В голове Клэрборна промелькнули силуэты трех парусников, появившихся 17 апреля возле форта Сен-Филипп, несообразности между заявлениями Пьера Лафита и оценками доктора Уоткинса. Внезапно все эти разрозненные детали сложились в четкую картину, не оставлявшую уже никаких сомнений. Французский корсар и контрабандист обнаглел настолько, что появился в его порту с двумя призами, не удосужившись даже изменить их облик, а лишь слегка подменив судовые документы. К тому же – немыслимое нахальство! – одно из захваченных судов было американским. Последнее обстоятельство являло собой акт недвусмысленного пиратства, и никакая жалованная грамота не могла затушевать серьезности преступления.
Капитан порта не принял никаких мер до того, как повидал Клэрборна. Сам губернатор тоже промедлил несколько часов, и причины такой нерешительности можно понять. Да, он олицетворял власть в Новом Орлеане, но в этом городе, только что ставшем американским, еще находился французский поверенный в делах, который хотя и не имел юридической власти, но обладал обширными связями среди влиятельных горожан и чиновников. Поэтому Клэрборну очень хотелось, прежде чем арестовывать французского корсара, получить официальное «добро» Вашингтона. Увы, в те времена еще не существовало ни телеграфа, ни телефона. Поразмыслив как следует, взвесив все за и против, он наконец принял решение.
Капитан порта в сопровождении вооруженного караула прибыл на причал Мясного рынка, взбежал на борт «Милой сестрицы» и потребовал капитана. Капитана не оказалось, равно как и никого из офицеров. На палубе остались лишь несколько матросов и горстка перепуганных негров, из которых ничего не удалось вытянуть. Другие наряды полиции бросились к месту стоянки фальшивой «Санта-Марии», (бывшей «Мэри»). Ее капитана тоже простыл след. Вместе с судном. Грузчики на причале сообщили, что парусник отплыл на заре, двинувшись вниз по течению. Американский корабль, захваченный пиратами и приведенный ими средь бела дня в американский порт, исчез в неизвестном направлении!

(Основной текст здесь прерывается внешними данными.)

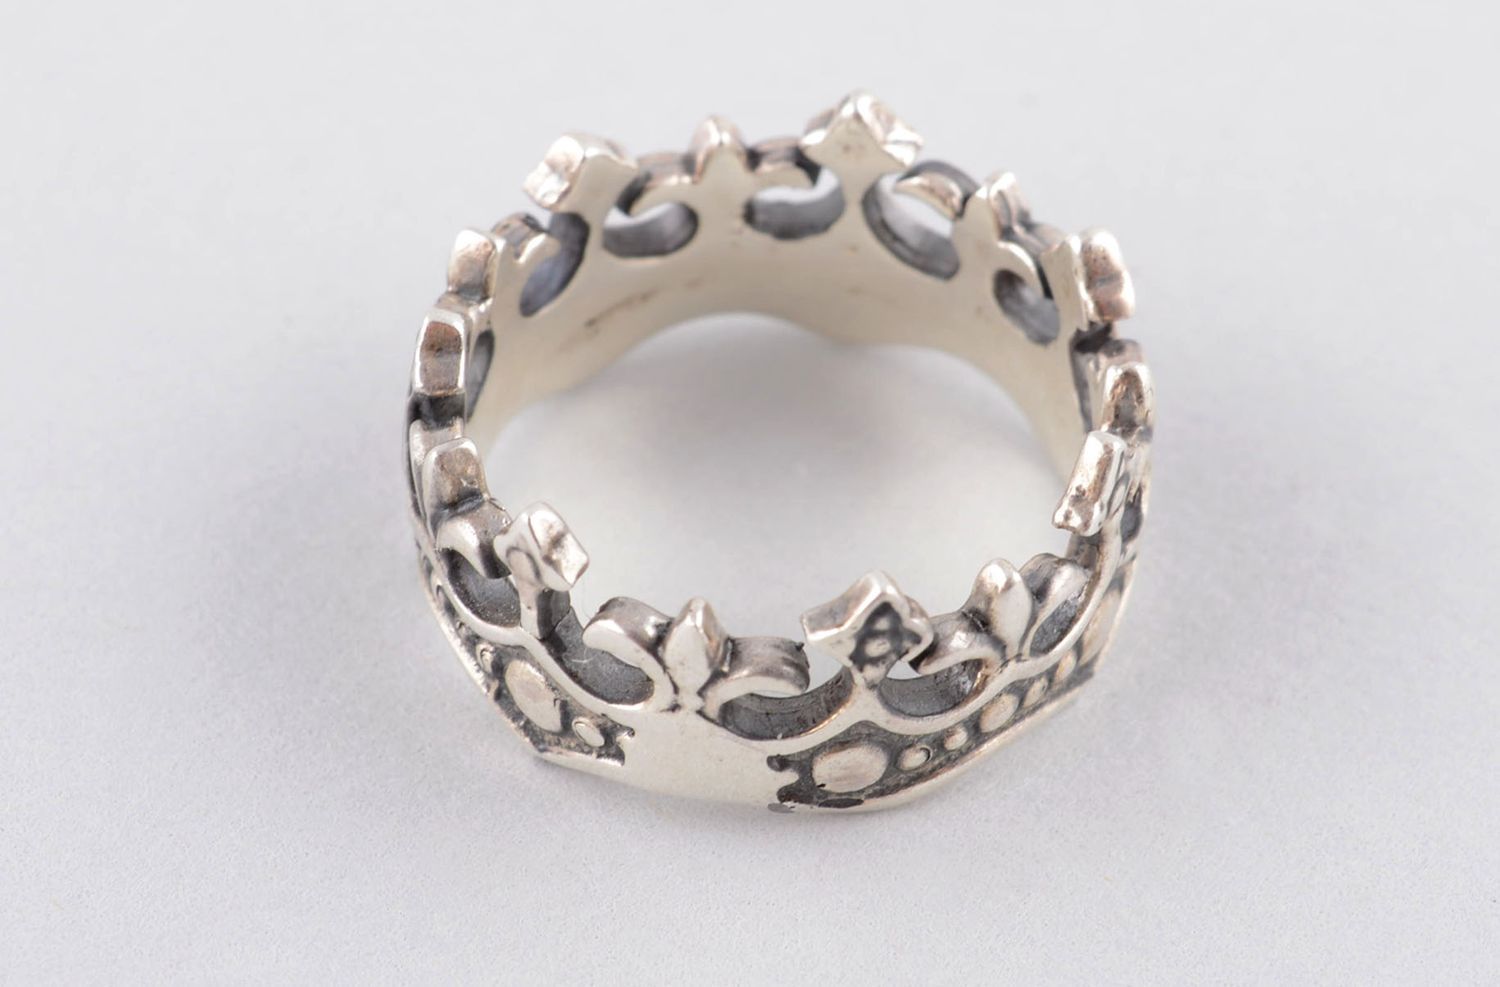 Handmade bronze jewelry bronze ring for women crown ring handmade jewelry photo 1

Капитан известил о неприятной развязке губернатора. Вдвоем они принялись обсуждать положение. Корсары, пираты, контрабандисты были явно предупреждены, но кем? Откуда могла произойти утечка информации – из канцелярии порта, полиции или губернаторской резиденции? Кого следовало опасаться?
Пока новоорлеанские чиновники ломали голову в поисках ответа, капитан бывшей «Мэри», стоя на корме своего приза, смотрел, как впереди на горизонте обозначилась четкая голубая линия – место впадения Миссисипи в залив. Река здесь заканчивалась. Судно двинулось вдоль низкого берега, покрытого густой растительностью, и неожиданно исчезло в укромном убежище.
Клэрборну было бы стократ досаднее, знай он подлинное имя ускользнувшего от него человека – имя, которое в дальнейшем ему придется не раз слышать и произносить самому, иногда с яростью и гневом, а иногда с большим почтением. Мы не станем томить читателя и сообщим, что это был младший брат Пьера Лафита – Жан. Жан Лафит – герой нашего повествования.
БАРАТАРИЯ
В начале XIX века самыми популярными кафе в Новом Орлеане были «Масперо», «Сосущий теленок», «Кафе беженцев», «Колокольчик» и «Джокунделла». Там пекли булки и подавали напиток, которому эти заведения обязаны своим позднейшим наименованием – «Абсентные дома». Но тогда, в начале прошлого столетия, там пили не абсент, а кофе, вино и, конечно, ром, тафью и прочие крепкие напитки. Хозяева гнали собственный спирт, настаивали его на тропических травах и фруктах и подавали фирменные изделия под экзотическими наименованиями типа «Наповал» или «Поросенок со свистом».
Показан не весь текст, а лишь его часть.